§ **What is needed**:
In your copy of the data, include no pictures and alter nothing else.

Start of Data extract

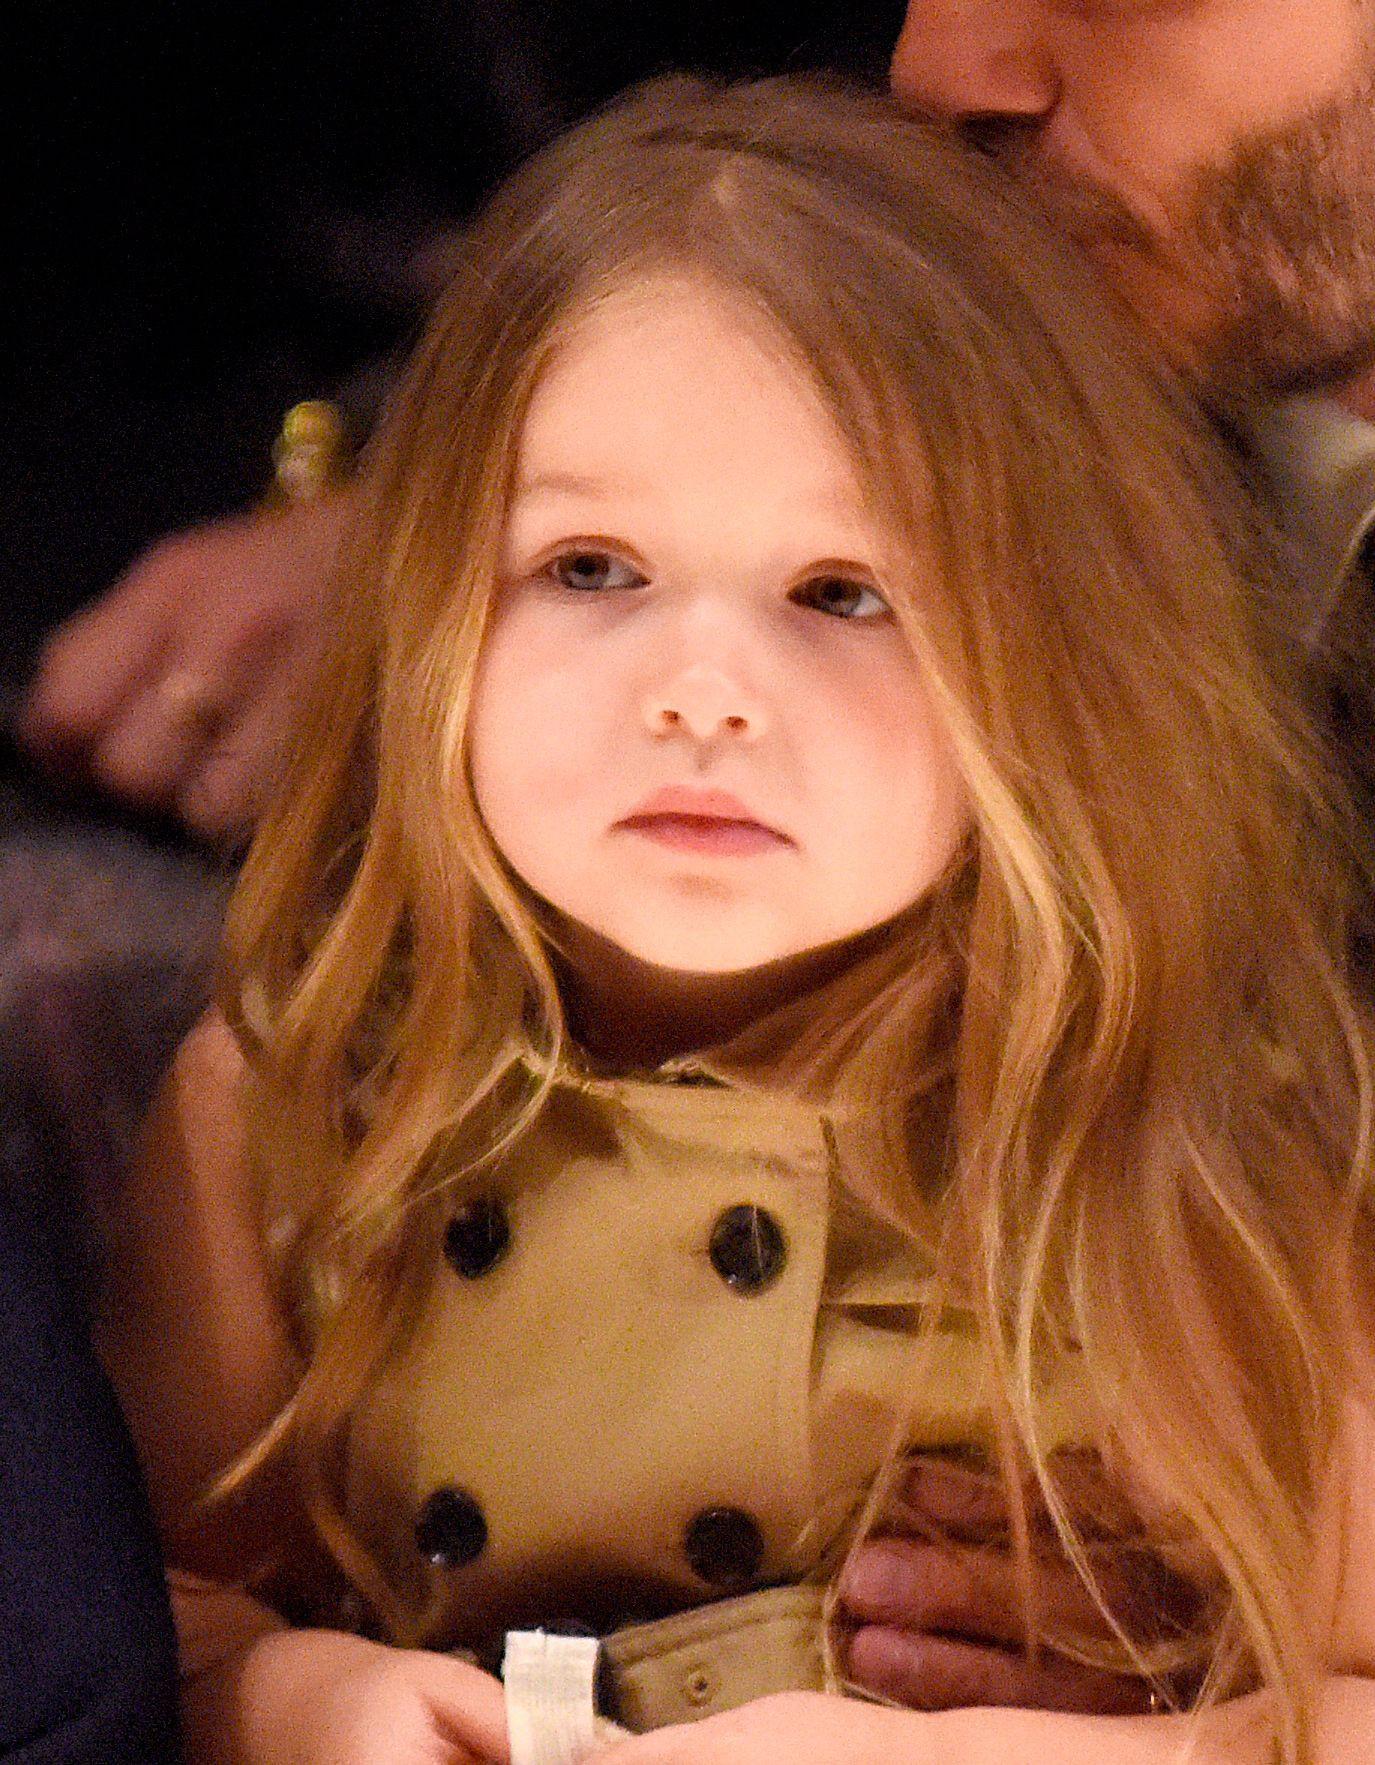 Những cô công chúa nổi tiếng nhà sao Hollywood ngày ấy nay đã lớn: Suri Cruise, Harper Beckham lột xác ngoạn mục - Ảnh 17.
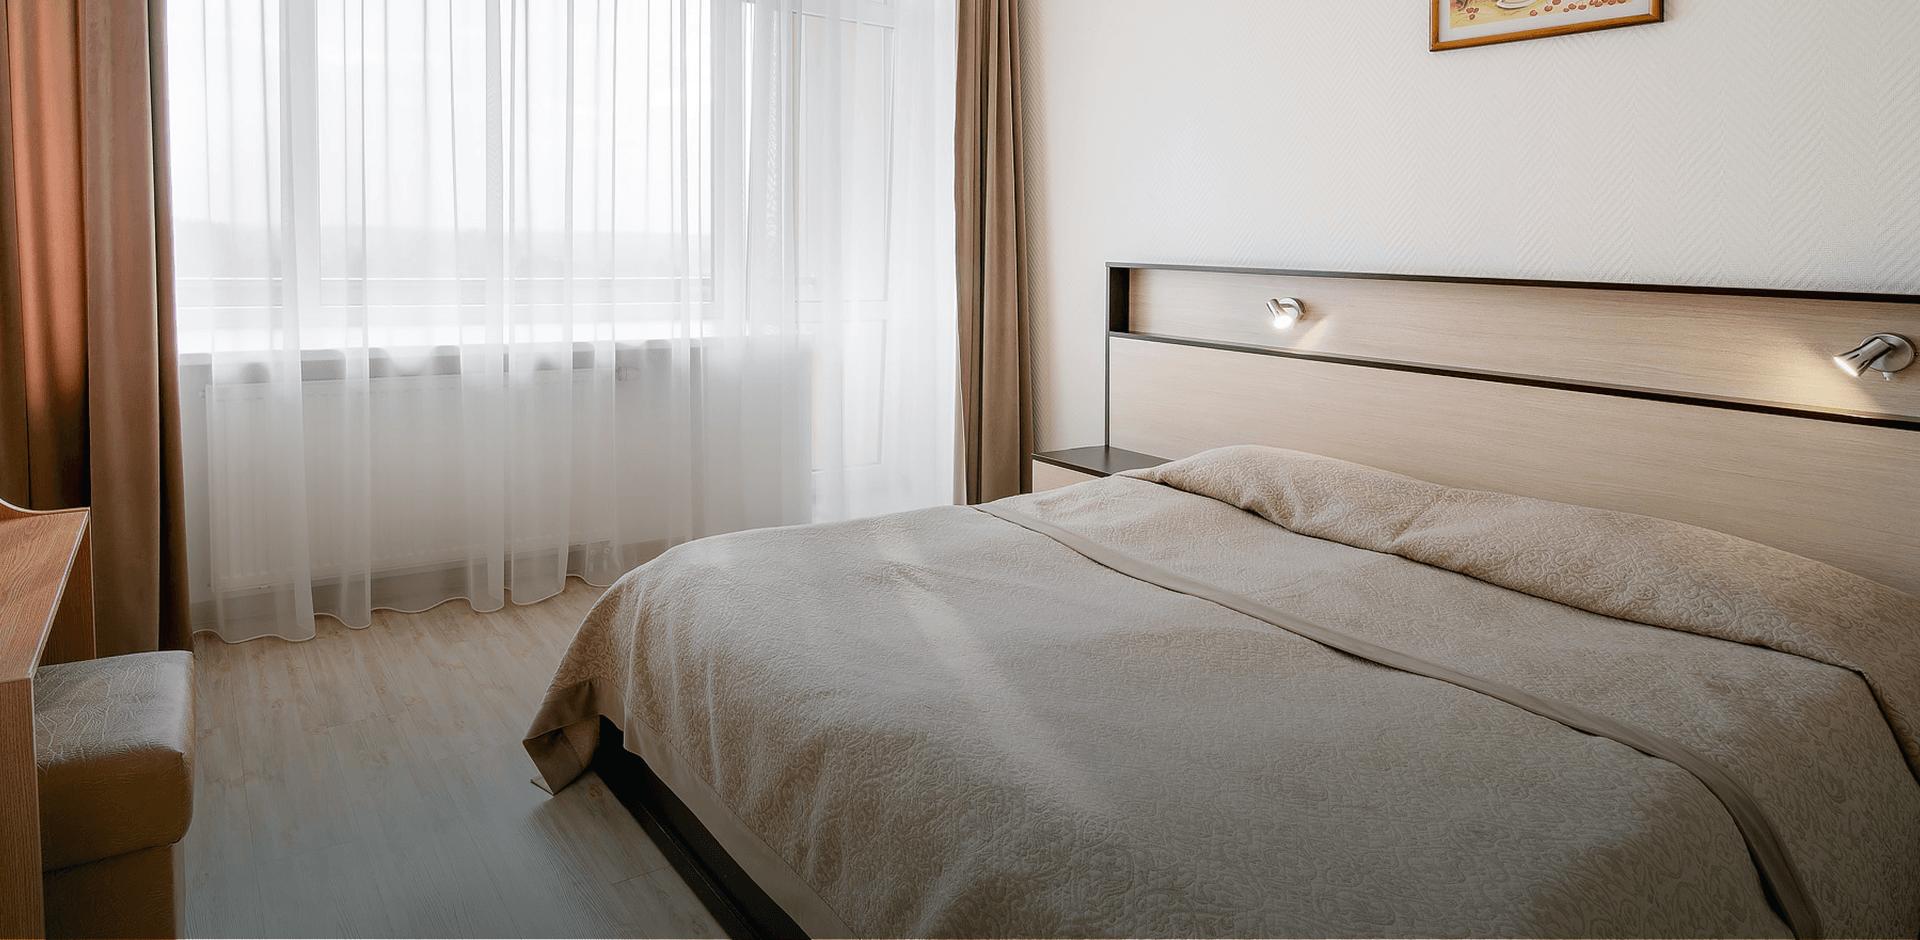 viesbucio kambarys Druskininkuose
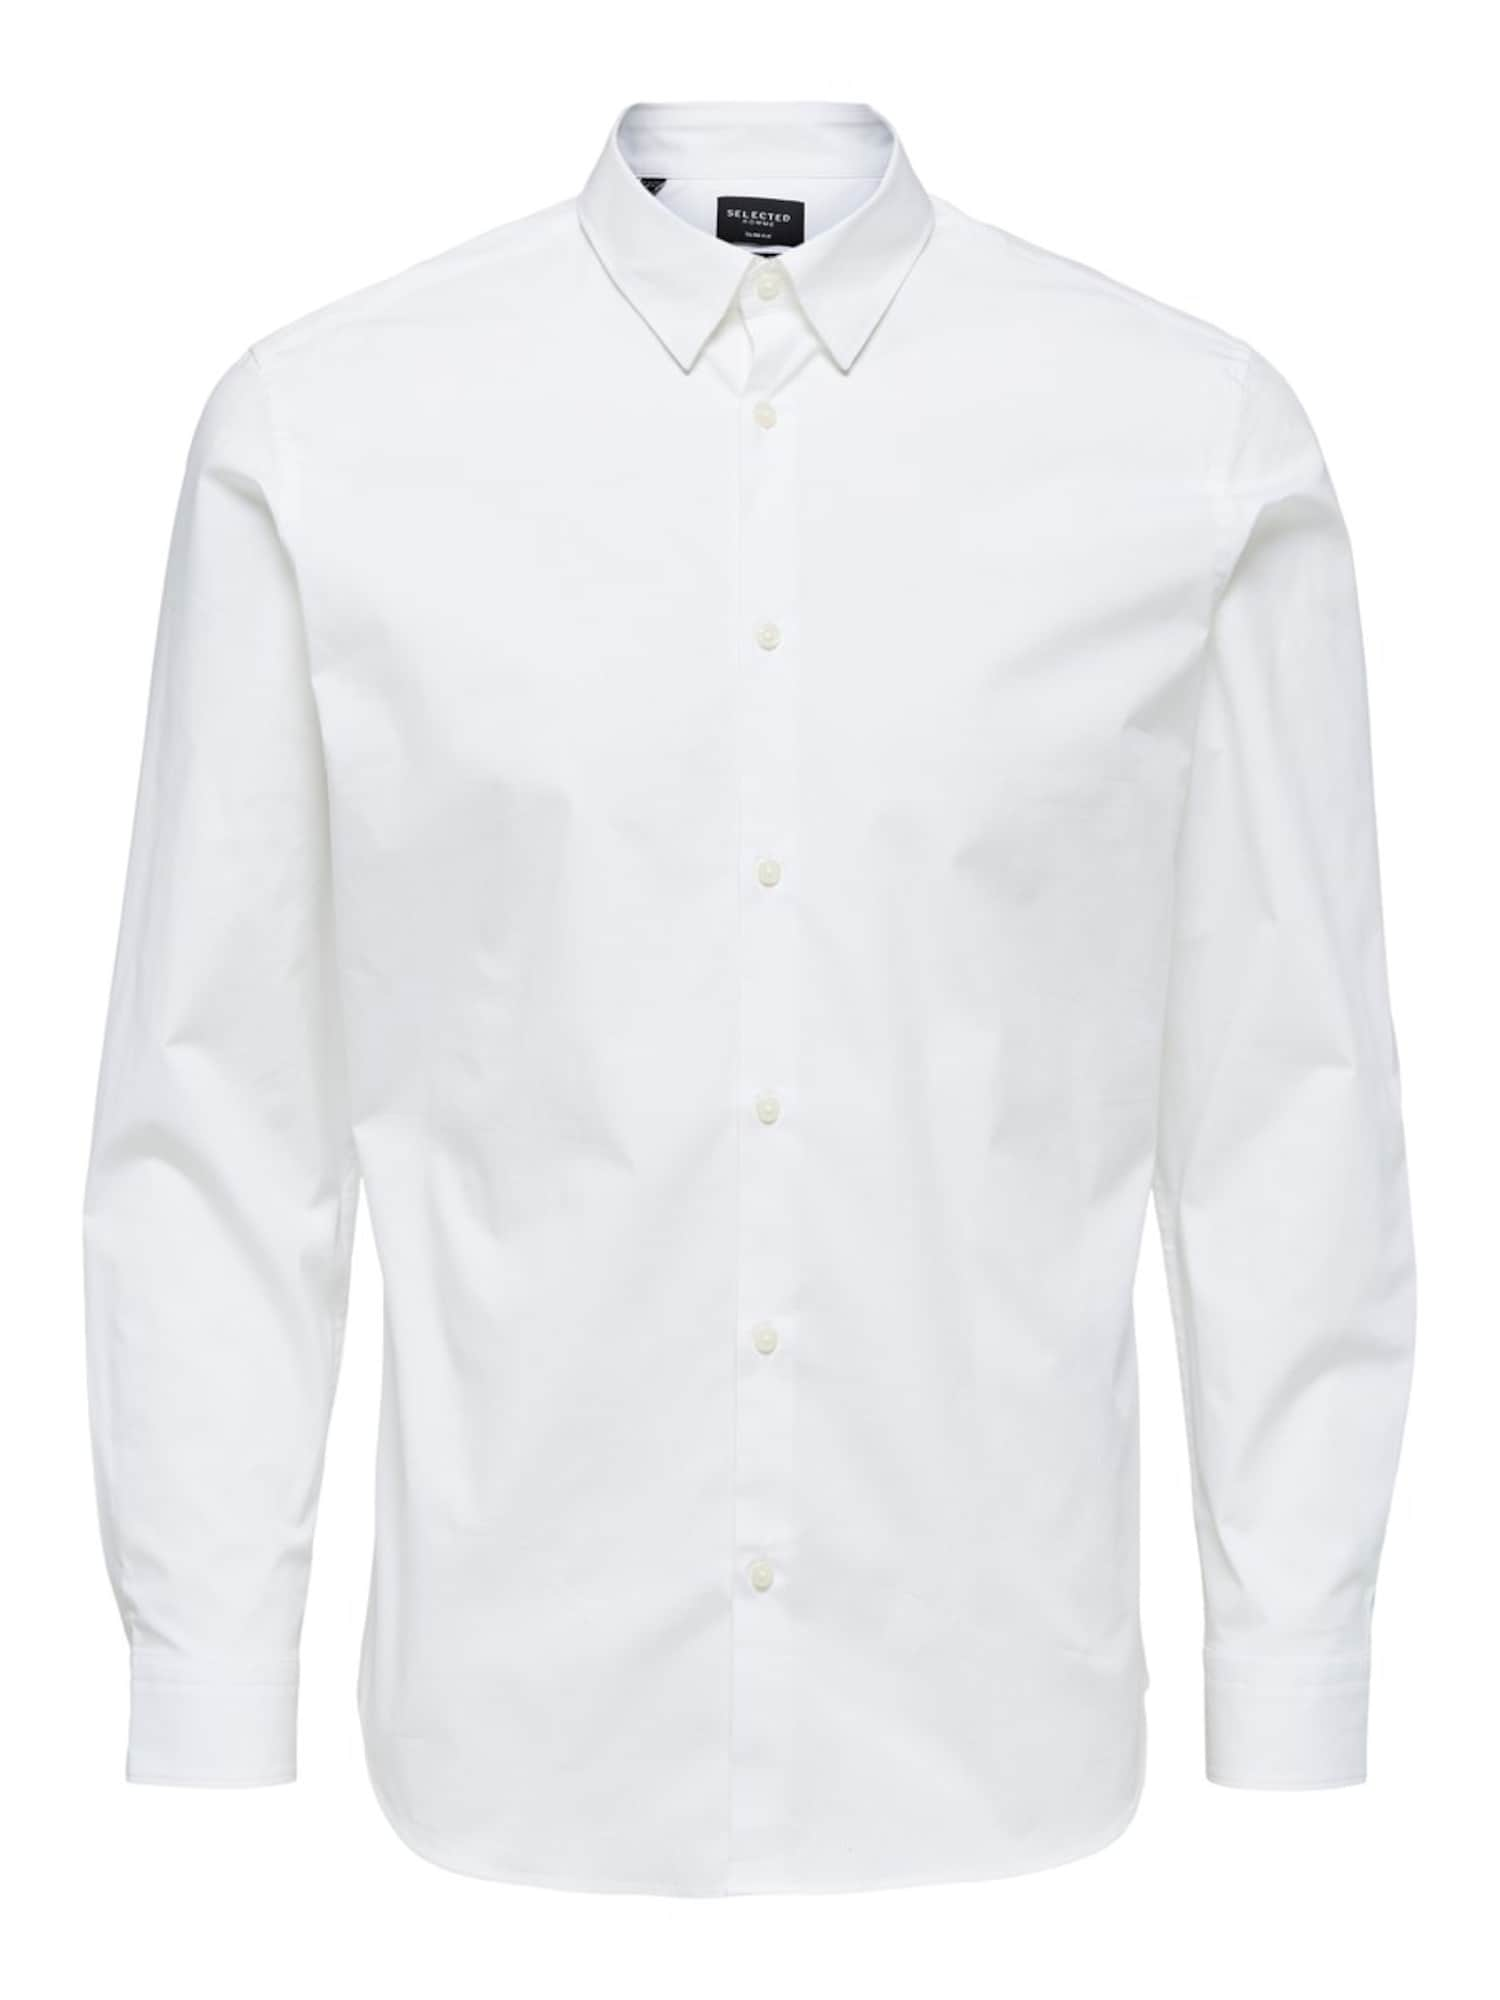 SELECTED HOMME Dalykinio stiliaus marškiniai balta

End of Data extract

§ **Completed task**:
 Những cô công chúa nổi tiếng nhà sao Hollywood ngày ấy nay đã lớn: Suri Cruise, Harper Beckham lột xác ngoạn mục - Ảnh 17.
 viesbucio kambarys Druskininkuose
 SELECTED HOMME Dalykinio stiliaus marškiniai balta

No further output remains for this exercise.